Charlotte Endemann an ihren Mann Harald, 31. März 1943
den 31.3.43
Mein lieber Mann!
Nun sollst Du aber auch noch einen Brief ohne Rechnerei bekommen. Ursel sitzt neben mir und fragt: "Möchtest Du der Klaus sein?" und beantwortet die Frage selber: "Nee, weisste, weilste dann immer das Bett nassmachst."
Gestern abend waren wir alle wieder bei Frau Sprock. Ihr Mann wird in Südfrankreich ausgebildet. Gestern mittag sah ich den alten, aber sehr hübschen Film mit Luise Ullrich und Viktor de Kowa: ´Versprich mir nichts´.
Die Rabatte ist jetzt mit Blumen bepflanzt. Auf dem Steingartenbeet blüht es auch schon weiß. Es ist das Gewächs in der Mitte, das so unglaublich wuchert. Da es wieder vorhat, das ganze Beet zu überziehen, reiße ich nach der Blüte mindestens die Hälfte raus, weil es ohne Blüte zu unkrautmäßig wächste.

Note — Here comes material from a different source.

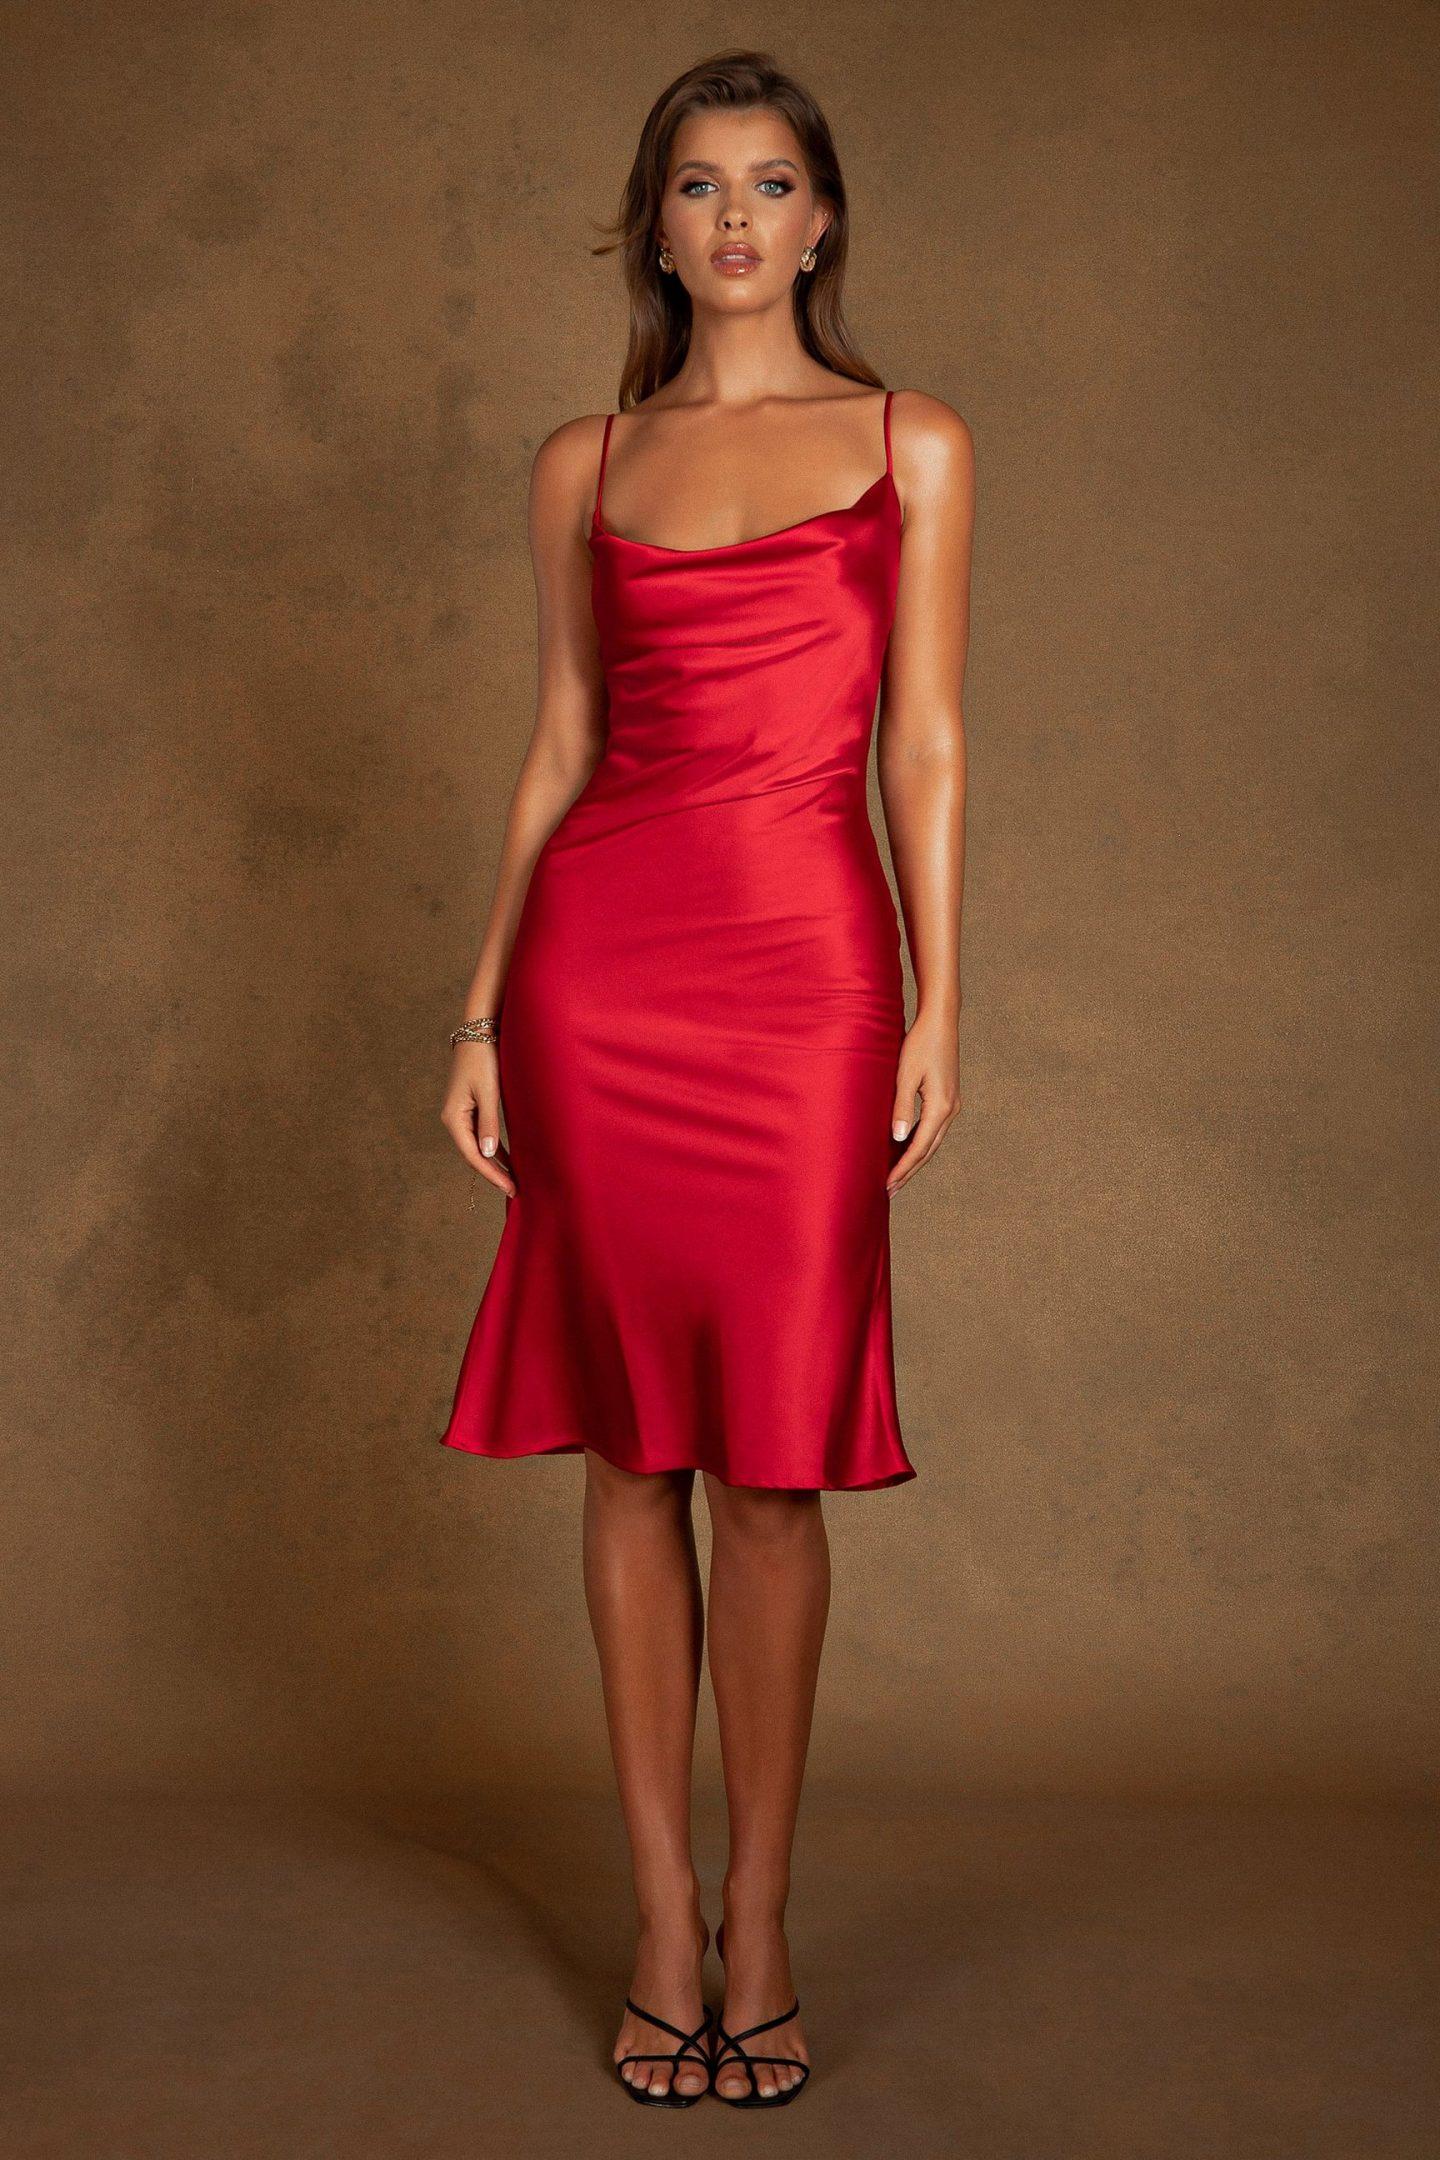 Satin red slip dress

Sonntag abend war Fräulein Hessel zum Abendessen da und
vorgestern Fräulein Hunscheidt.
Nun ist ja eine Verfügung raus, dass alle alleinstehenden Personen die Zahl der von ihnen bewohnten Räume angeben müssen, zum Entsetzen vieler alter Damen. Aber dass diese Verfügung kommen musste, ist ja klar. Die armen Berliner! Die werden in diesem Jahr wohl noch manchen Angriff aushalten müssen, wobei mir einfällt: Ich habe bei Möckel ein sehr gutes Buch gekauft: Berlin. Erinnerung und Gegenwart, von Helene von Nostitz. Ich hatte vor, es Hansi zum Geburtstag zu schenken, aber ich finde es so schön, dass es jetzt in meinen Regalen bleibt. Überhaupt hat man manchmal Glück. Ich kam jetzt zufällig zu Palm, und da standen kleine Schultafeln mit Ständer. Ich habe mir sofort eine mitgenommen, für Ursel zum Geburtstag. Nun kann sie Schule spielen. Ebenso sah ich gestern bei Dreesbach hübsche Kämme in reizenden, gestickten Etuis. Da man heute dort Kämme holen muss, wo man sie sieht, habe ich das getan.
Eben fällt mir ein, dass ich an die Mu noch 300,- Mk. abgeben muss. Damit bin ich dann am 1. Juli fertig, und dann kann ich ja ab 1. August größere Zahlungen leisten.
Heute bin ich müde und nicht ganz auf der Höhe, aber ich habe ein nettes Gespräch über Bücher mit Fräulein Neuneier in Buchladen Linz gehabt. Sie ist so reizend, wie der Name blöd ist. Ich hätte Lust, auch mit ihr in Verbindung zu kommen. Und wie nett sind die Abende mit Frau Sprock, Stein und Frau Hillenbrand. Die Gespräche haben immer Niveau, auch wenn über Rezepte und Haushalt gesprochen wird. Es bleibt aber nicht dabei, sondern gleitet dann wieder unbemerkt in Gebiete, die uns vier interessieren, und so hat man, wenn man nach Hause geht, immer das schöne Gefühl eines gut verbrachten Abends.
Heute vor acht Tagen war die schöne Einladung. Dieser Abend wird auch in der Erinnerung haften bleiben
als etwas aus dem Alltag Herausgehendes. Hättest Du mir die Marken dazu geschickt, wäre das Ganze nicht halb so schön gewesen, denn erstens hätte ich sie wahrscheinlich im Haushalt verbraucht, wenn ich aber gegangen wäre, hätte ich die Omis mitnehmen müssen, und ich hätte mich in deren Gesellschaft nicht halb so, innerlich und äußerlich, auf den Abend vorbereitet. Ich danke Dir nochmal recht, recht herzlich.
Heute abend muss ich nun noch an Hansi schreiben, an Änne, die uns wieder 10 Pfund Erbsen geschickt hat, und an Tante Klara. Vielleicht tu ich es auch nicht und faulenze. Sehr vielleicht sogar.